Seven in 10 Americans support permitting women in the military to serve in ground units that engage in close combat, according to a new Washington Post-ABC News poll.

The findings come as the Pentagon prepares to review whether women should continue to be barred from combat units even though many of them often engage opposing forces in Iraq and Afghanistan.

Overall, 73 percent of respondents support giving women direct combat roles, and 25 percent oppose the move. Seventy-three percent of women and 72 percent of men favor extending formal combat roles to women, as do 80 percent of self-described Democrats, 62 percent of Republicans and 73 percent of independents.

Women account for 14.5 percent of active-duty service members (203,000 of about 1.4 million) and 18 percent of National Guard and reserve forces, according to the Pentagon. About 25,000 women are serving in Iraq and Afghanistan, accounting for about 10 percent of U.S. forces there.

Since 1994, the Pentagon has barred women from serving in any unit below the brigade level (about 4,000 troops on average) whose primary mission is direct ground combat. But it allows women to serve in units that might engage in combat-related action.

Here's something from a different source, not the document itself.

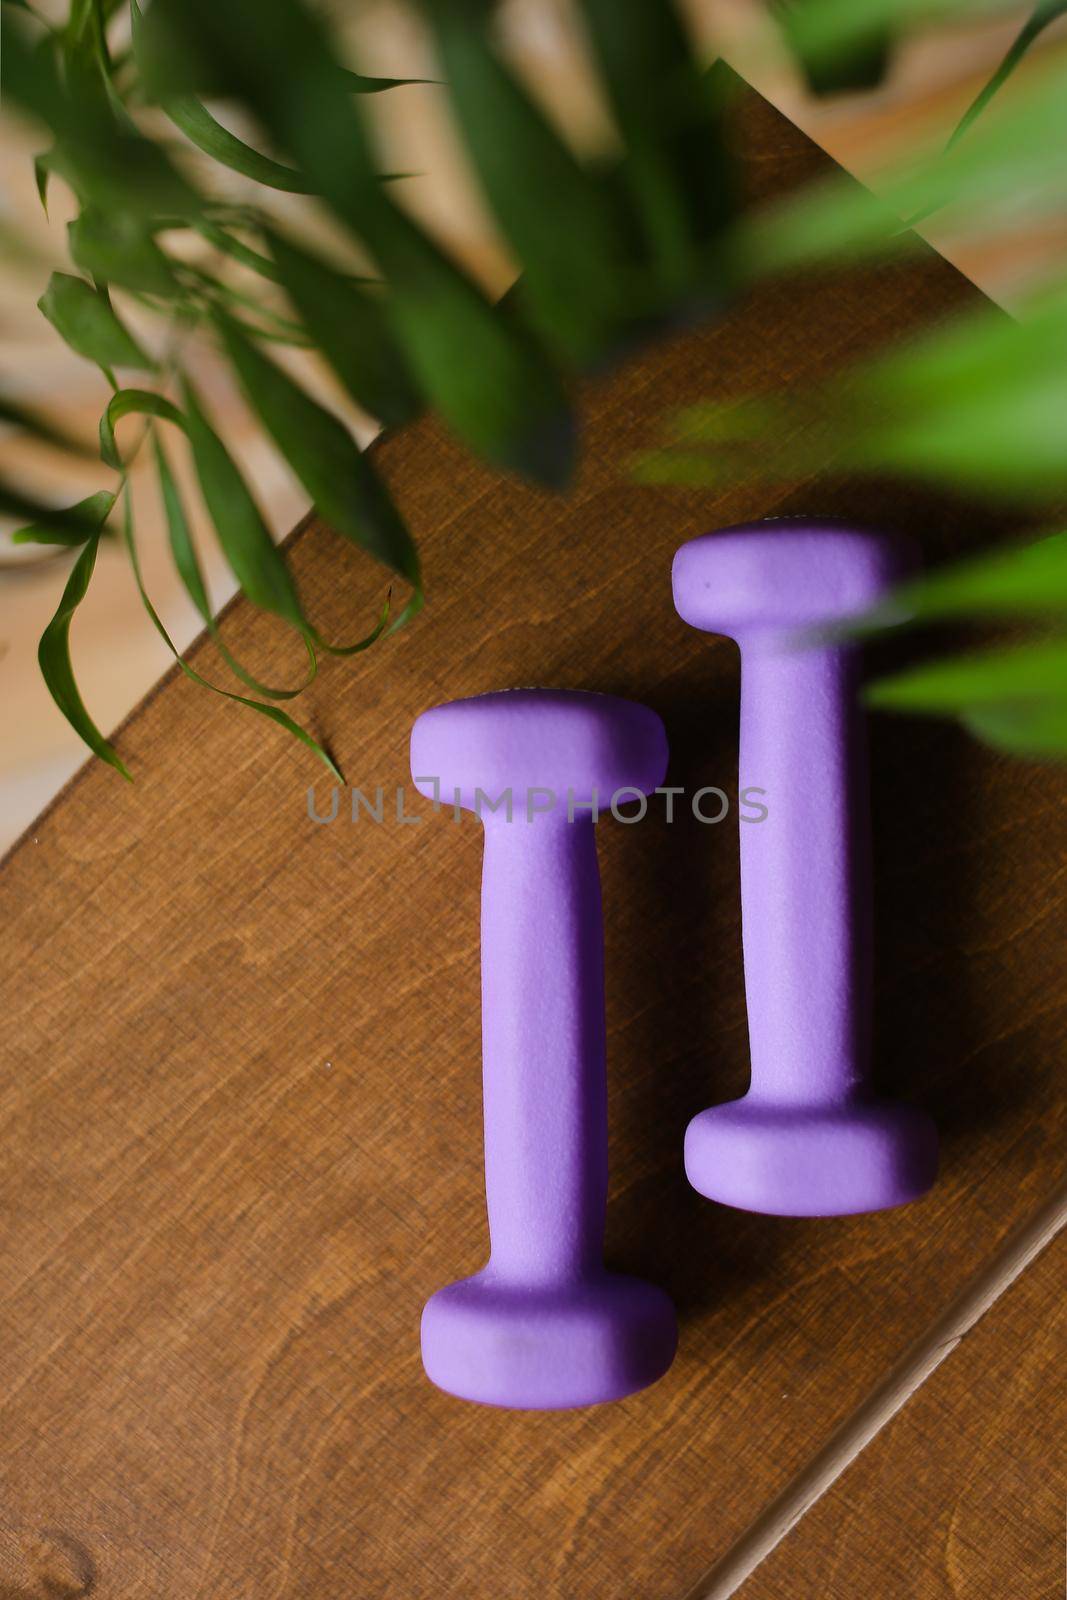 Light weight violet women dumbbells lying on wooden table. Concept of rehabilitation and sport training equipment.

“The nature of today’s conflicts is evolving; there are no front lines in Iraq and Afghanistan,” Pentagon spokeswoman Eileen Lainez said in an e-mail. “While women are not assigned to units below brigade level whose primary mission is direct combat on the ground, this doesn’t mean they are not assigned to positions in combat zones that could place them in danger.”

Last week, a congressionally mandated commission recommended that the Pentagon end the ban in order “to create a level playing field for all qualified service members.”

The Military Leadership Diversity Commission, chartered by Congress as part of the annual defense authorization bill in 2009, issued 20 recommendations designed to prepare a higher percentage of women and minorities to serve in top military leadership positions.

Verna Jones, director of veterans affairs and rehabilitation issues for the American Legion, said a change in policy would help female veterans gain quicker access to medical and mental-health benefits related to combat experiences. Women often have difficulty proving combat experience because they lack formal combat assignments, she said.

Any change “would definitely help women who suffer these types of injuries and better help them gather data on the injuries so they can get the benefits they deserve,” Jones said.

Ryan Gallucci, a spokesman for AMVETS, said his group supports the Pentagon review. “Women fly helicopters on combat sorties, women man turret guns on tactical patrols, and we see female engagement teams attached to line units for kinetic operations,” he said.

On the other hand, Elaine Donnelly, founder and executive director of the Center for Military Readiness, said that assigning women to combat units could put them at unnecessary risk and shouldn’t be done to achieve diversity goals. Donnelly maintains that women generally are unsuited to combat. “Women do not have an equal opportunity to survive, or to help fellow soldiers survive,” if they are assigned to infantry battalions, she said in an e-mail Wednesday.

“There is no ‘discrimination’ problem that requires extreme measures—such as forcing enlisted women into [direct ground combat] units — just to advance the career prospects of a future female officer who wants to become Chairman of the Joint Chiefs of Staff,” she said.

Donnelly has studied military personnel issues since the 1980s and most recently led an unsuccessful campaign to prevent the government from ending the “don’t ask, don’t tell” policy banning gay men and lesbians from serving openly in the military.

The Post-ABC telephone poll was conducted March 10 to 13 among a random national sample of 1,005 adults. Results from the full poll have a margin of sampling error of plus or minus 3.5 percentage points.

Polling manager Peyton Craighill contributed to this report.